I'm currently using cross_val_score and KFold to assess the impact of using StandardScaler at different points within data pre-processing, specifically whether scaling the entire training dataset prior to performing cross validation introduces data leakage and what the effect of this is when compared to scaling the data from within a Pipeline (and therefore only applying it to the training folds).
my current process is as follows:
Experiment A
- Import the boston housing dataset from sklearn.datasets and split into Data (X) and target (y)
- create a Pipeline (sklearn.pipeline), that applies StandardScaler before applying linear regression
- Specify the cross validation method as KFold with 5 folds
- Perform cross validation (cross_val_score) using the above Pipeline and KFold method and observe the score
Experiment B
- Use the same boston housing data as above
- fit_transform StandardScaler on the entire dataset
- Use cross_val_Score to perform cross validation on again 5 folds but this time input LinearRegression directly rather than a pipeline
- Compare the scores here to Experiment A
The scores obtained are identical (to around 13 decimal places) which I question as surely Experiment B introduces Data Leakage during cross validation.

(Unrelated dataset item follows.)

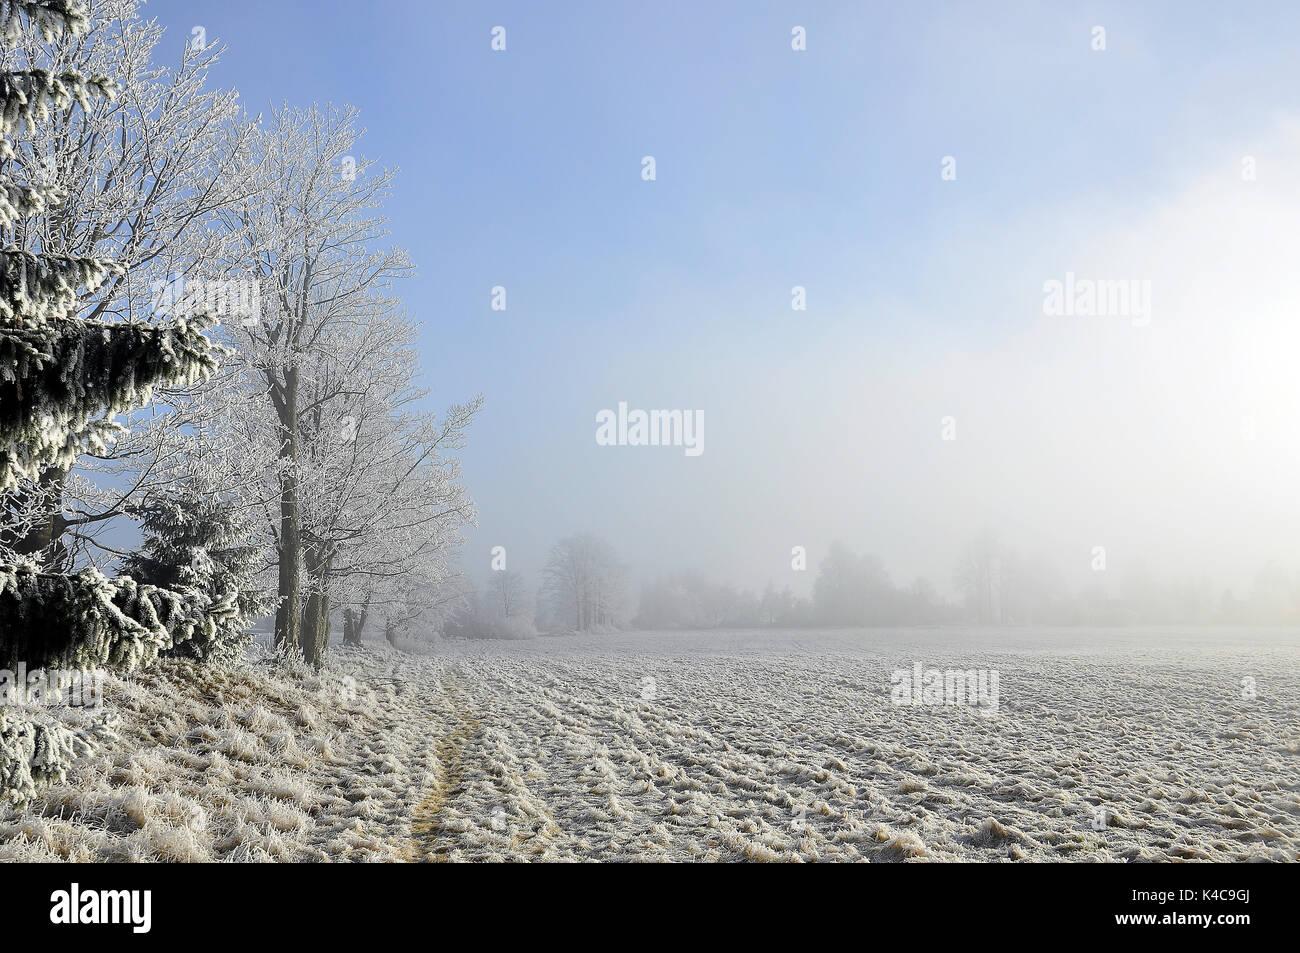 Waldrand Im Winter Im Dunst - Stock Image

I've seen posts stating that it doesnt matter whether scaling is done on the entire training set before cross validation, if this is true I'm looking to understand why, if this isn't true I'd like to understand why the scores can still be so similar despite the data leakage?
See my test code below:
import numpy as np
import pandas as pd
from sklearn.pipeline import Pipeline
from sklearn import datasets
from sklearn.preprocessing import StandardScaler
from sklearn.svm import LinearSVC
from sklearn.model_selection import KFold, StratifiedKFold
from sklearn.model_selection import cross_val_score, cross_val_predict
from sklearn.linear_model import LinearRegression
np.set_printoptions(15)
boston = datasets.load_boston()
X = boston["data"]
y = boston["target"]
scalar = StandardScaler()
clf = LinearRegression()
class StScaler(StandardScaler):
def fit_transform(self,X,y=None):
print('Length of Data on which scaler is fit on =', len(X))
output = super().fit(X,y)
# print('mean of scalar =',output.mean_)
output = super().transform(X)
return output
pipeline = Pipeline([('sc', StScaler()), ('estimator', clf)])
cv = KFold(n_splits=5, random_state=42)
cross_val_score(pipeline, X, y, cv = cv)
# Now fitting Scaler on whole train data
scaler_2 = StandardScaler()
clf_2 = LinearRegression()
X_ss = scaler_2.fit_transform(X)
cross_val_score(clf_2, X_ss, y, cv=cv)
Thanks!